= Elisa Kleven =

American writer

Elisa Kleven is an American children's writer and illustrator of 30 books. She grew up in Los Angeles and currently resides near San Francisco. Her titles have been Booklist editor's choices, and PBS and Rainbow Book selections.

==Career==

Kleven has written several children's books including the Paper Princess series, The Puddle Pail and The Lion and the Little Red Bird. Her first book was Ernst, a story about a creative crocodile named Ernst, whose tendency to wonder "what if" mirrors the author's own.

In addition to writing her own books, Kleven has also illustrated books by other writers, such as Abuela by Arthur Dorros, De Colores by Jose Luis Orozco, Angels Watching Over Me by Julia Durano, and The Weaver by Thacher Hurd.

Kleven is a member of the Society of Children's Book Writers and Illustrators. She has been recognized nationally with awards and honors from the American Library Association, The New York Times, the Junior Library Guild, School Library Journal and the American Institute of Graphic Arts.

==Response==
Kirkus Reviews said of her children's book Welcome Home Mouse, "Every word and brush stroke is spot-on in this luminous celebration of creativity, conservation and compassion." Kirkus Reviews noted of A Monster in the House "a wondrously silly tale ... expect laughter". Time Out New York noted Welcome Home, Mouses intricate illustrations. Publishers Weekly said of A Monster in the House, “
Kleven honestly portrays the mixed feelings of affection and annoyance that siblings often have for one another."

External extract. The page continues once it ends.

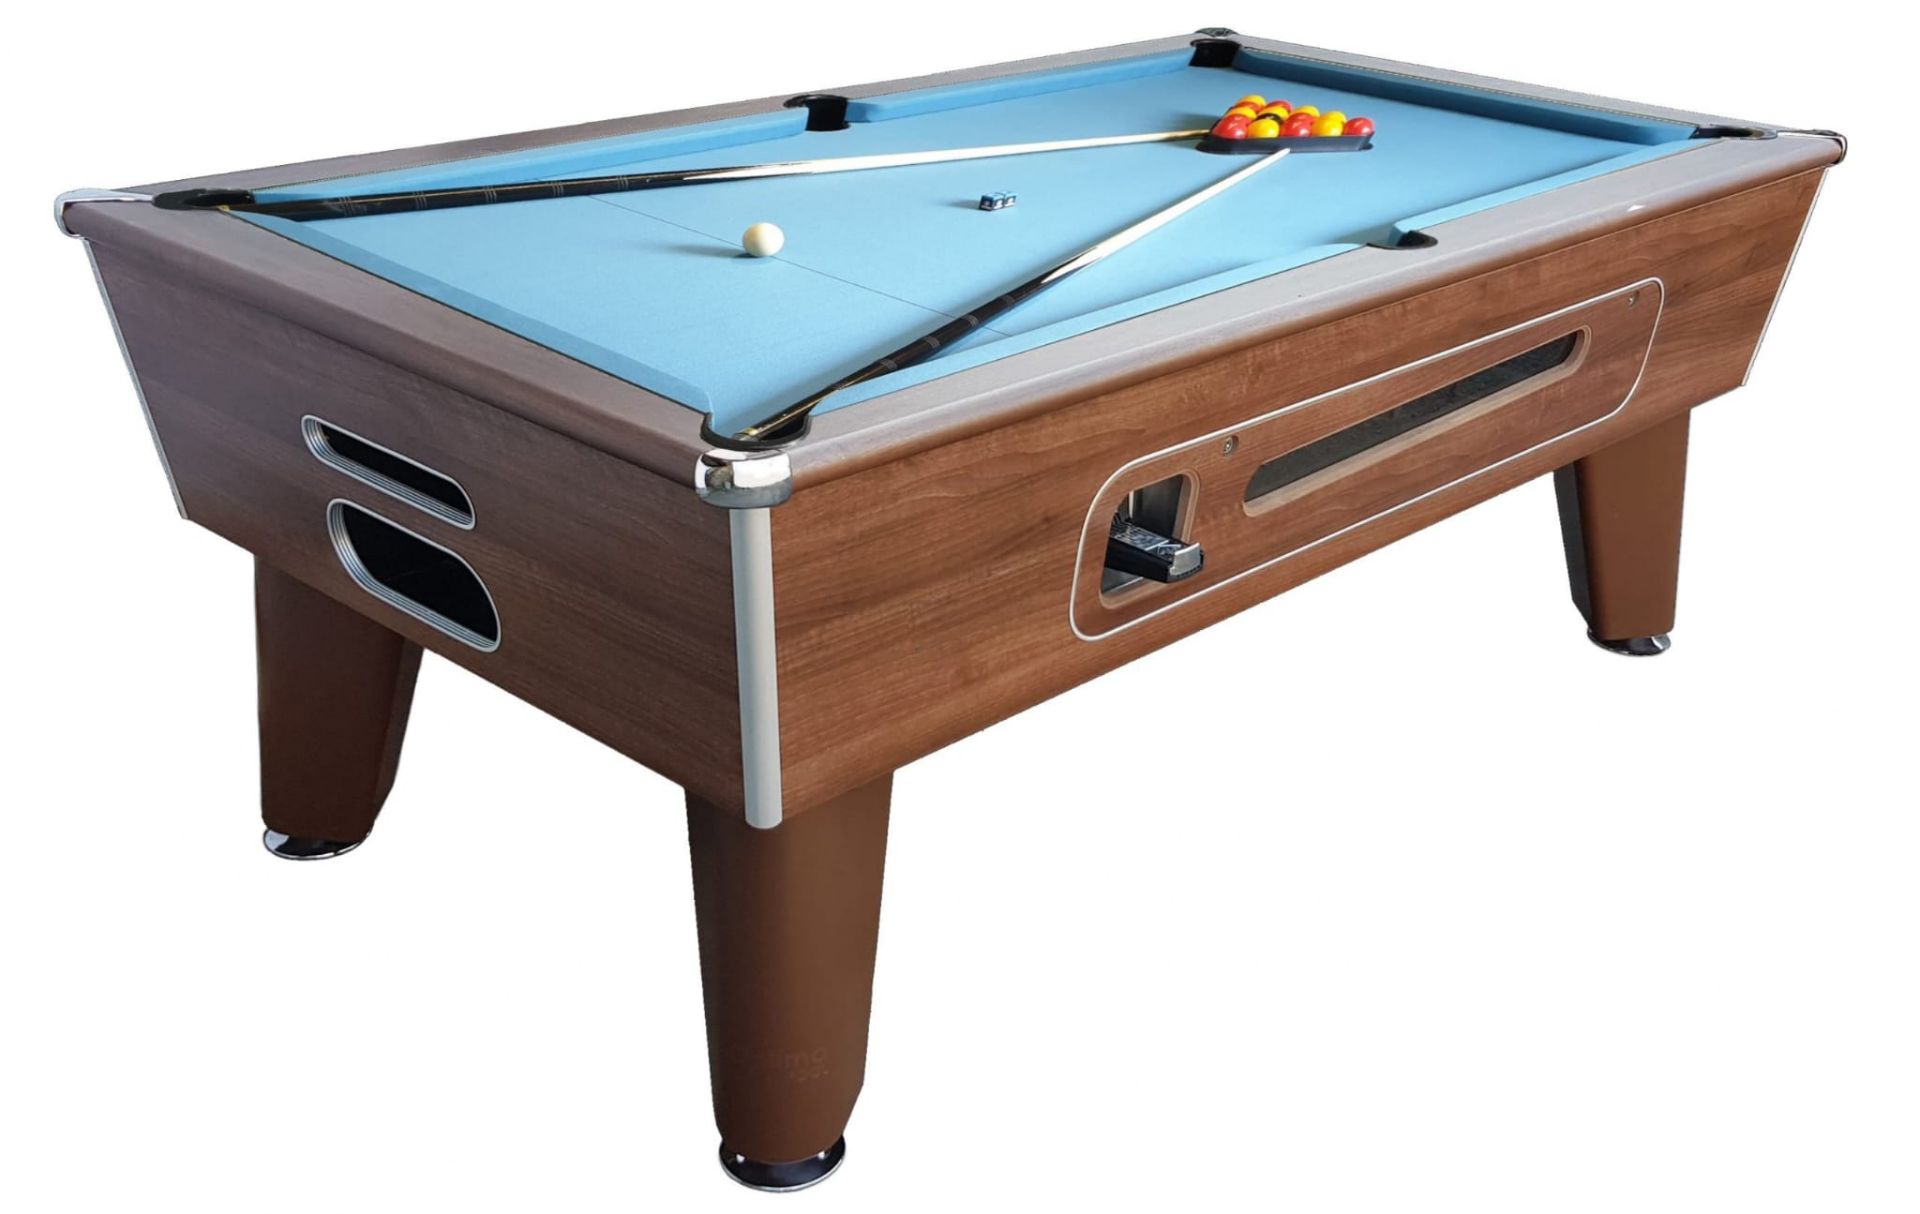 NEW POOL TABLE BARLINE TABLE 7X4 COIN OPERATED AND FREE PLAY - Image 3 of 3

Booklist gave Kleven a starred review for her illustrations in Abuela saying, "Each illustration is a masterpiece of color, line, and form that will mesmerize youngsters. These are pages to be studied again and again...this book is a jewel." Publishers Weekly said of The Dancing Deer and the Foolish Hunter, “Kleven's signature kaleidoscopic blend of color and texture and her respect for nature theme never disappoint.”